Protein: Pregnant women urgently need protein to promote the baby's growth and development, nourish the uterus and breasts, and prepare for childbirth. Therefore, DRIs recommend increasing protein intake by 5g, 15g, and 30g in the first, second, and third trimesters respectively, based on pre-pregnancy levels. This includes increasing intake of fish, poultry, eggs, lean meat, and 200g of milk. It is particularly noted that deep-sea fish are beneficial for the development of the fetal brain and retina, so it is best to consume them 2-3 times per week.

Calcium, iron, zinc, iodine, etc.: These are especially important for the health of pregnant women and fetuses. Calcium deficiency can cause calcium loss from the mother's bones, which can harm bone health. Therefore, it is recommended that the total calcium intake should reach 1000mg/day. Eat animal organs and meat to supplement iron in moderation. Eat iodized salt to supplement iodine in moderation.

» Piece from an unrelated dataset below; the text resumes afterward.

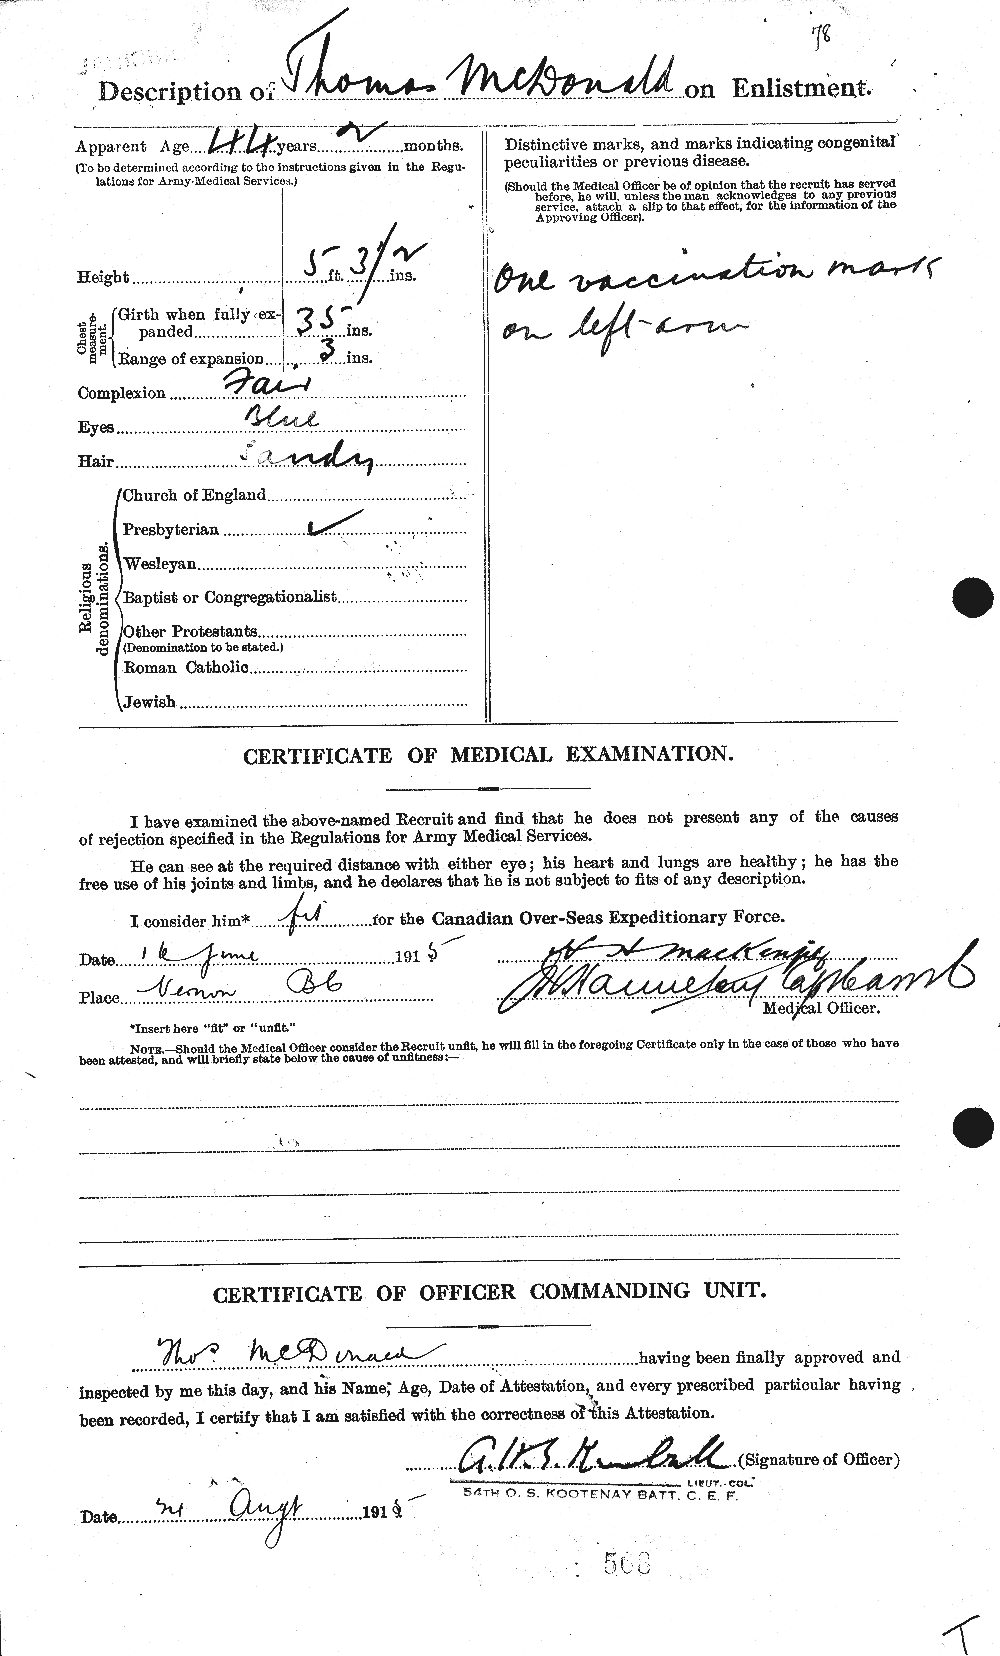 Personnel Records of the First World War - CEF 519812b

Vitamins: During pregnancy, due to the dilution of blood plasma, the levels of most vitamins in the plasma decrease slowly. Therefore, it is recommended that pregnant women consume 300-500g of vegetables, mainly leafy green vegetables and red and yellow colored vegetables, and 200-400g of fruits to meet their vitamin requirements.

Carbohydrates: You must consume at least 130g of carbohydrates every day, which can be 200-250g of easily digestible grains, 50g of tubers, etc.

3. Appropriate exercise:

After 16 weeks of pregnancy, pregnant women can start moderate-intensity aerobic exercise and activities, such as prenatal yoga, gymnastics, brisk walking, swimming, and various household chores. This can improve insulin sensitivity, improve blood sugar and blood lipid levels, and reduce weight. Of course, you can choose the type of exercise according to your own condition and pre-pregnancy exercise habits, do what you can, and proceed gradually[7].

With the joint efforts of expectant mothers' families and doctors, it is hoped that pregnant mothers can maintain a reasonable diet, control their food intake, monitor their blood sugar and weight gain, and thus give birth to healthy babies, avoid macrosomia, and say goodbye to difficult labor and complications!